(Excerpts from a dataset)
BEGIN

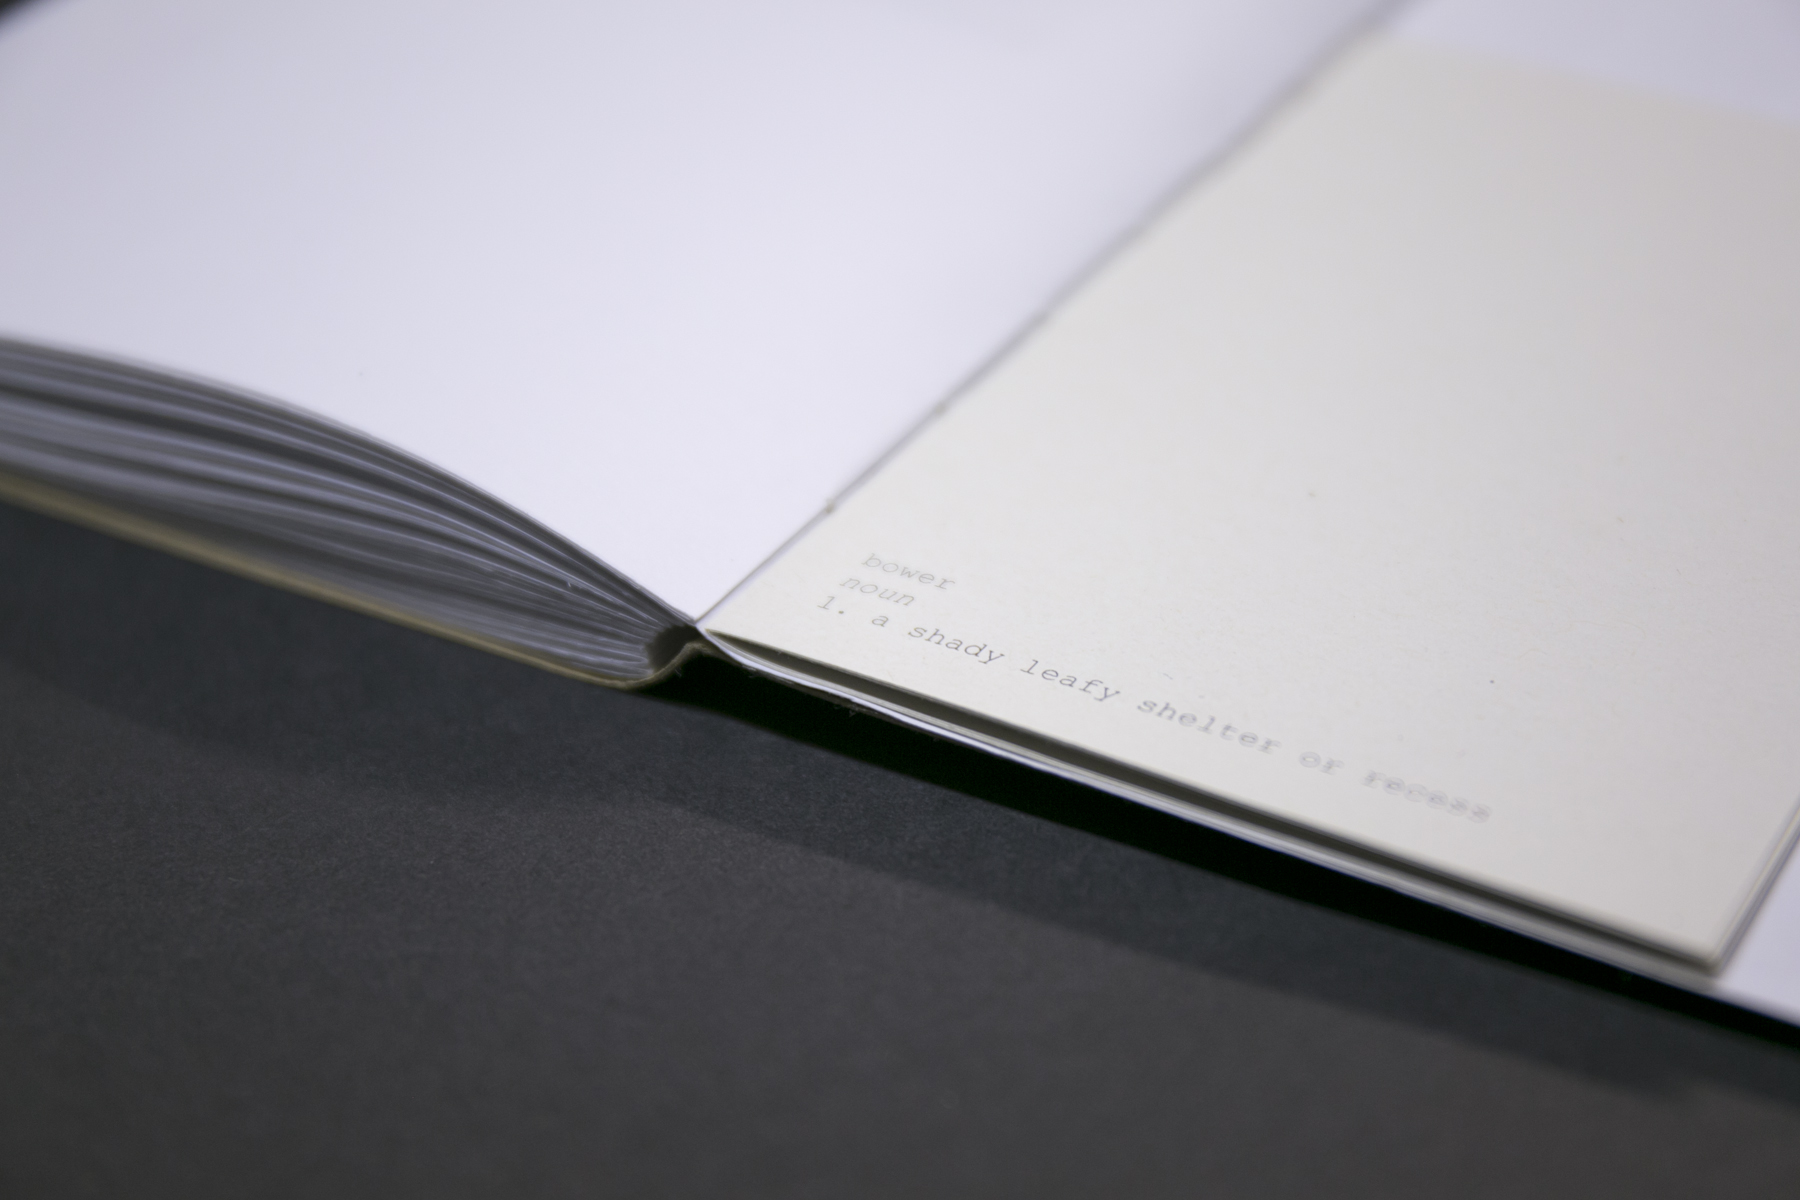 abowerforsisters-book-23.jpg
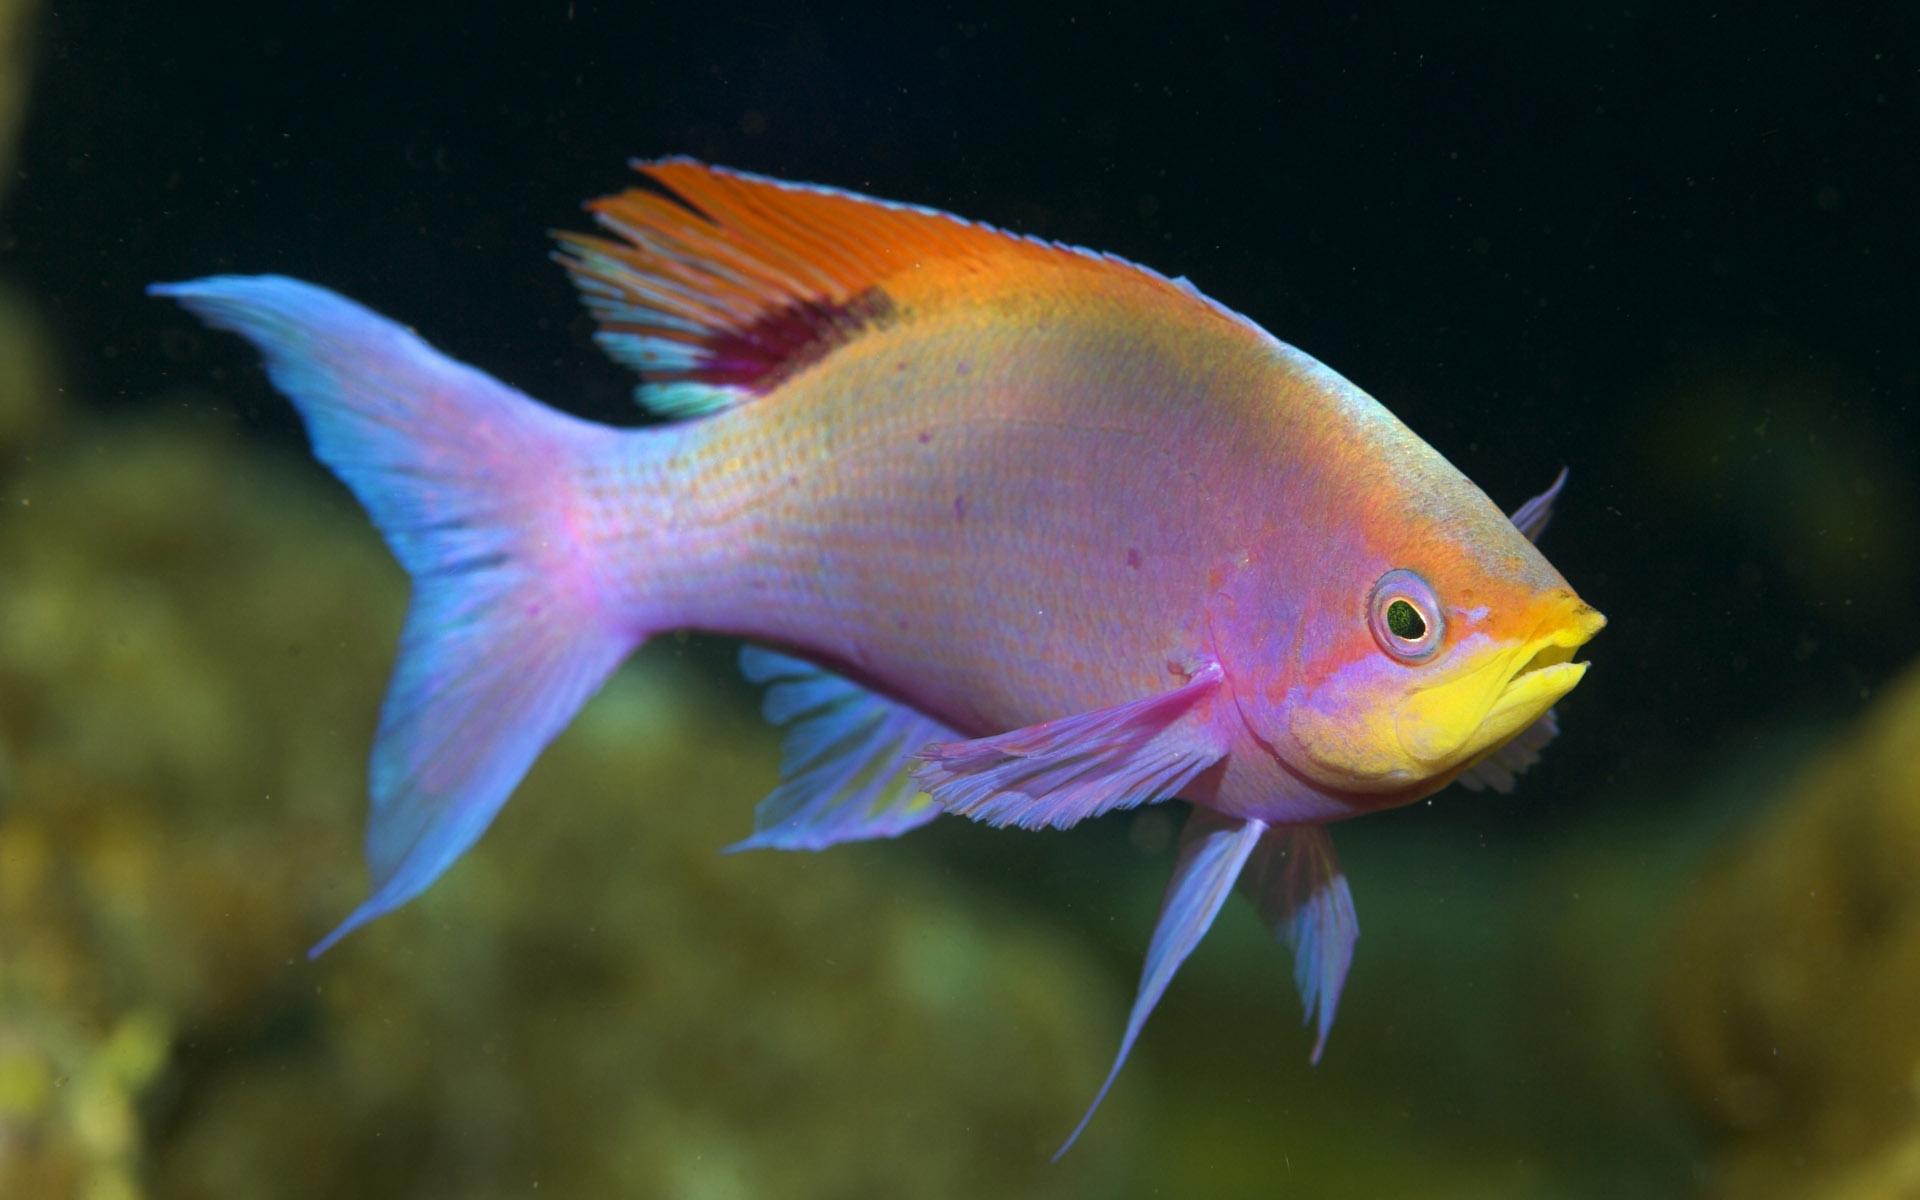 fish marlin desktop 1920x1200 - photo #33
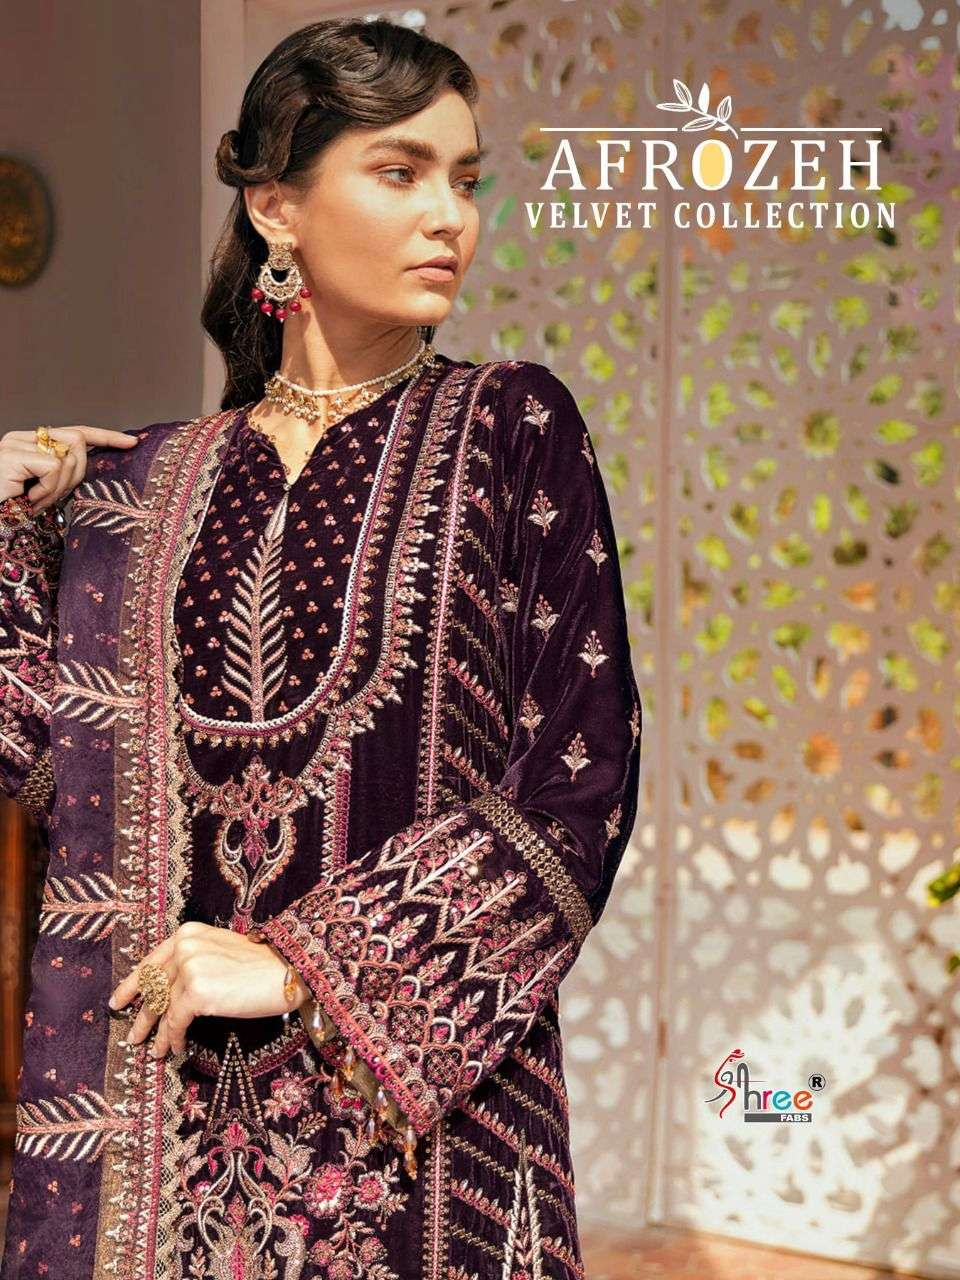 shree fabs afrozeh velvet winter pakistani designer suits
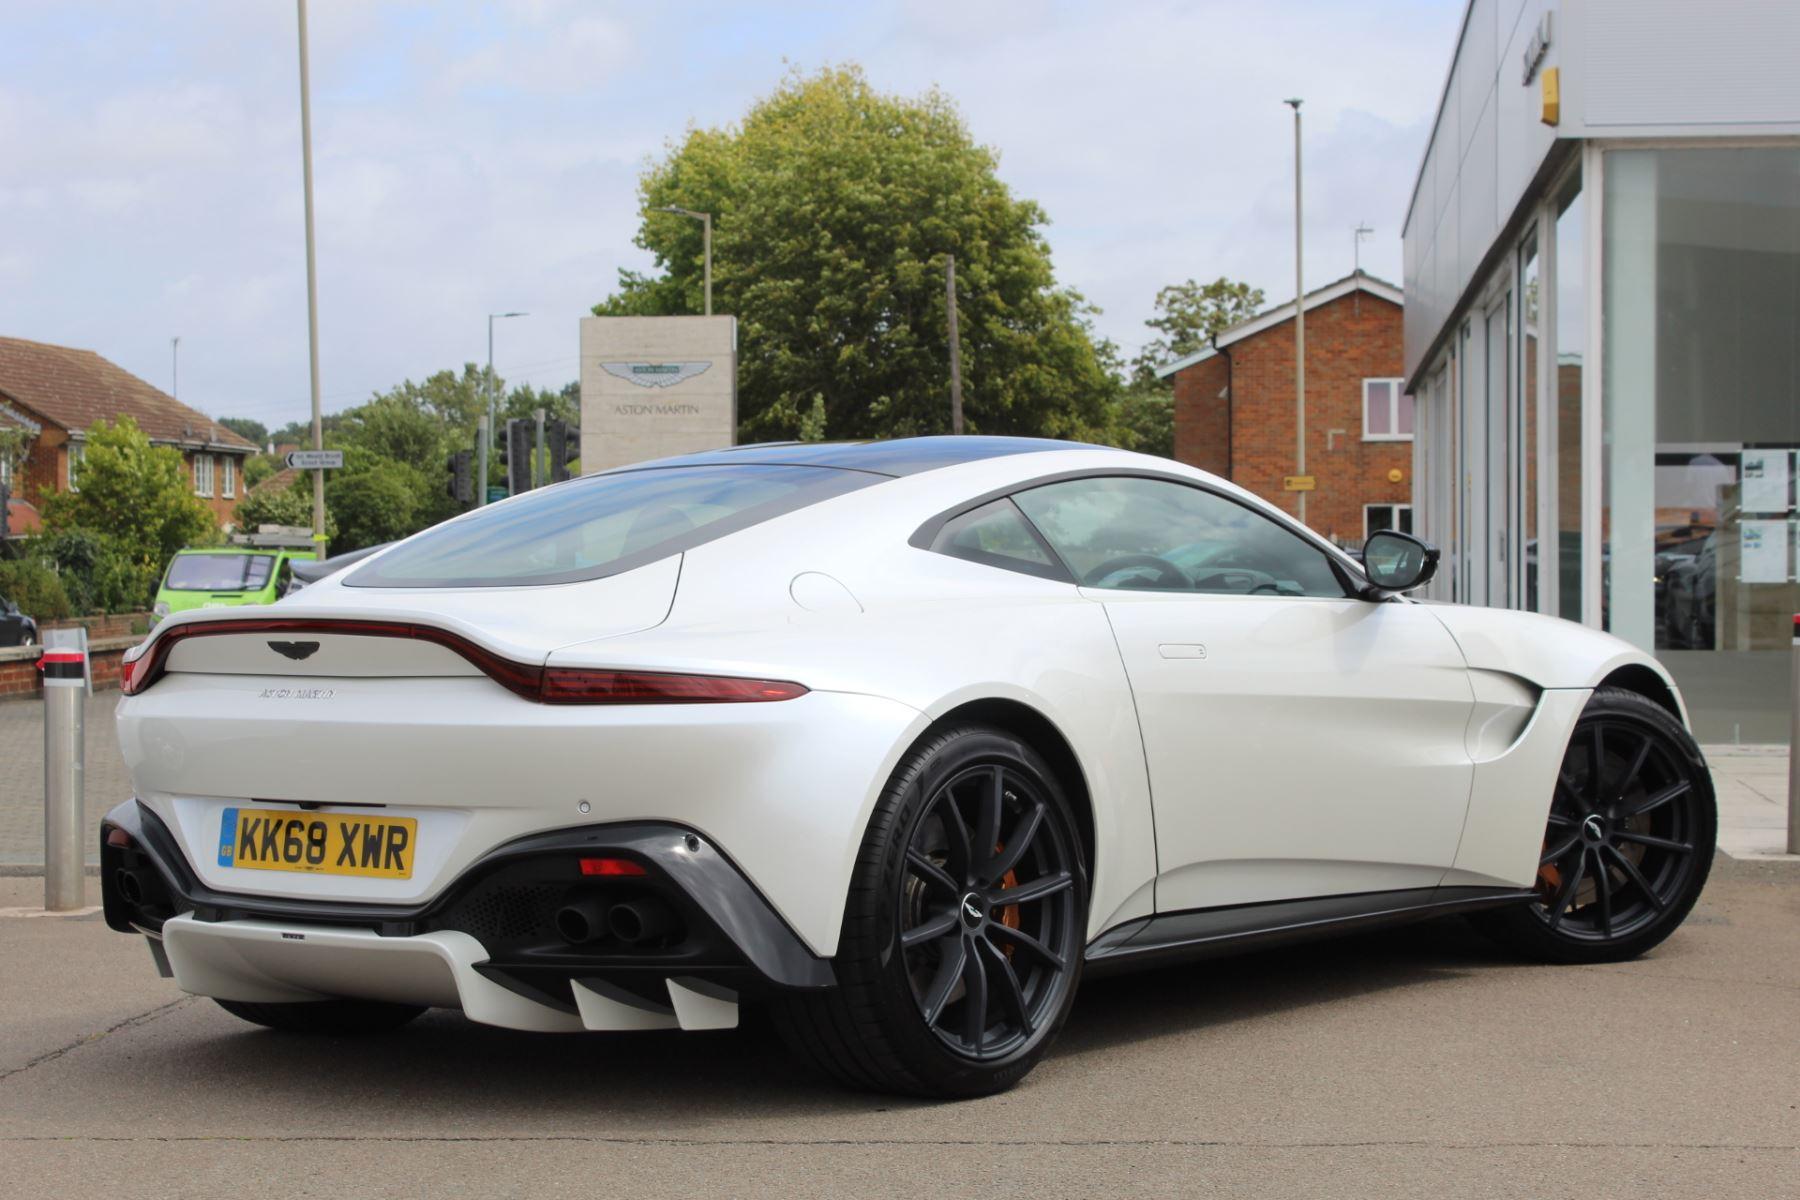 Aston Martin New Vantage 2dr ZF 8 Speed image 16
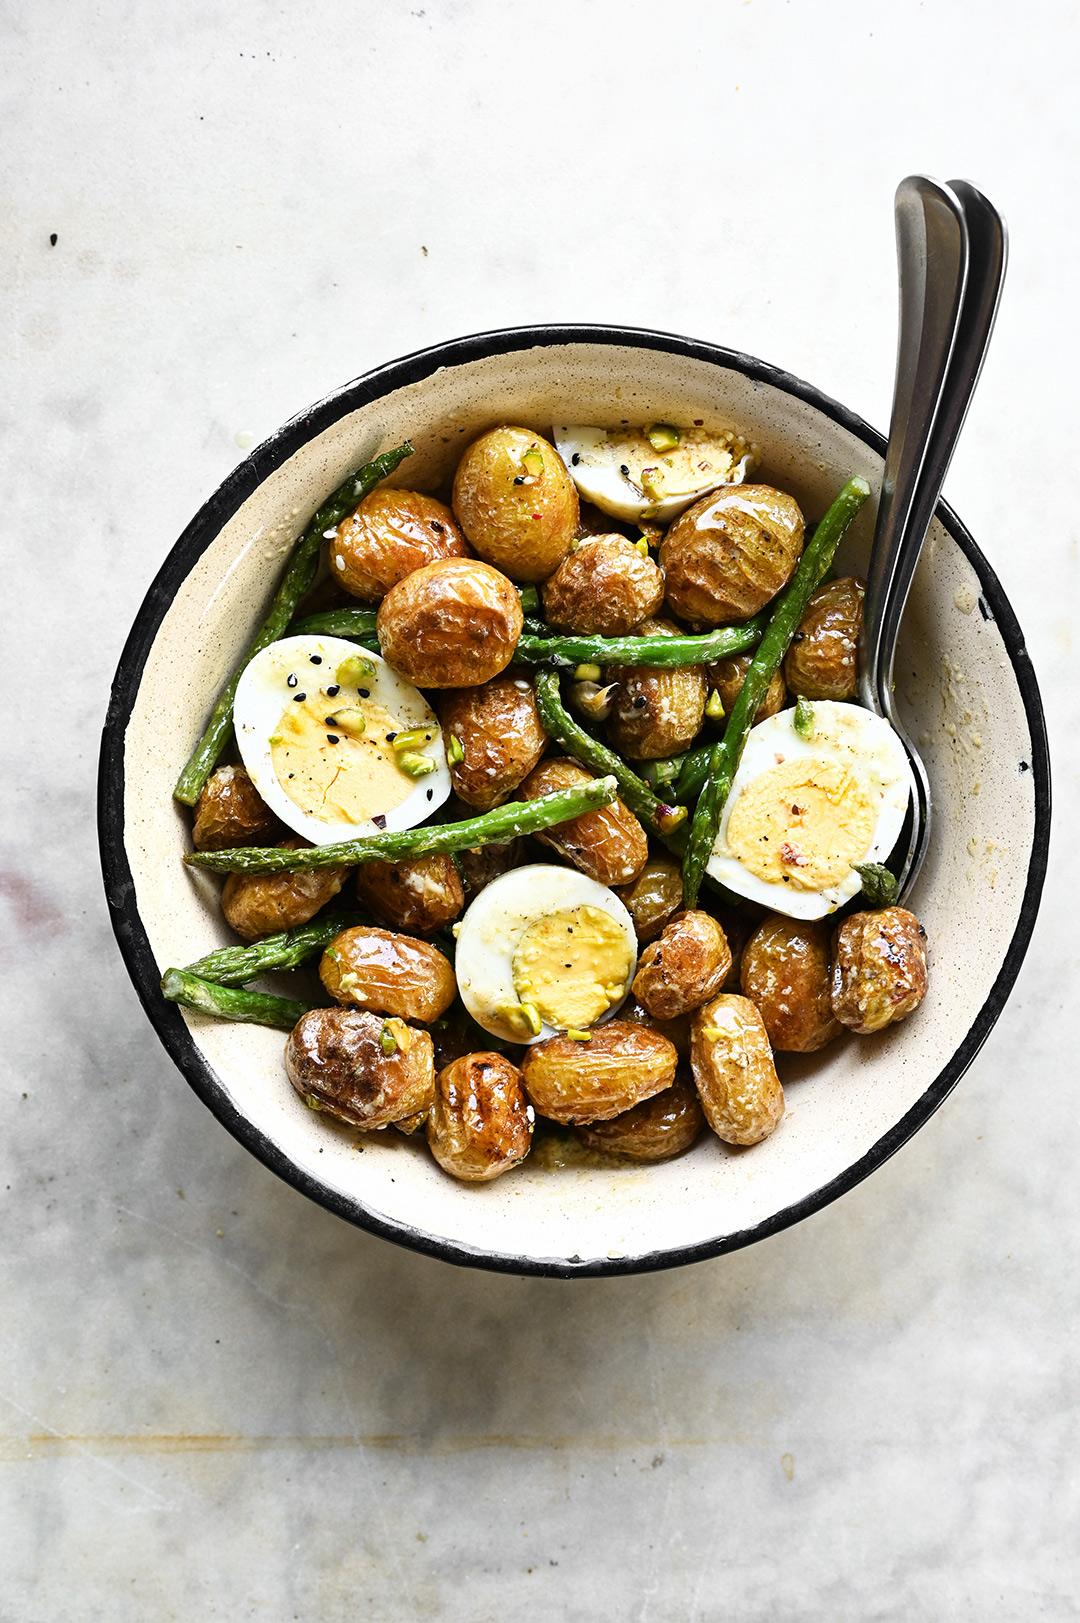 serving dumplings | Za'atar roasted potato and asparagus salad

END

* [Work instruction]
All entries are to be retyped exactly. Omit any embedded images.

* [Output for this exercise]
 abowerforsisters-book-23.jpg
 fish marlin desktop 1920x1200 - photo #33
 shree fabs afrozeh velvet winter pakistani designer suits
 Aston Martin New Vantage 2dr ZF 8 Speed image 16
 serving dumplings | Za'atar roasted potato and asparagus salad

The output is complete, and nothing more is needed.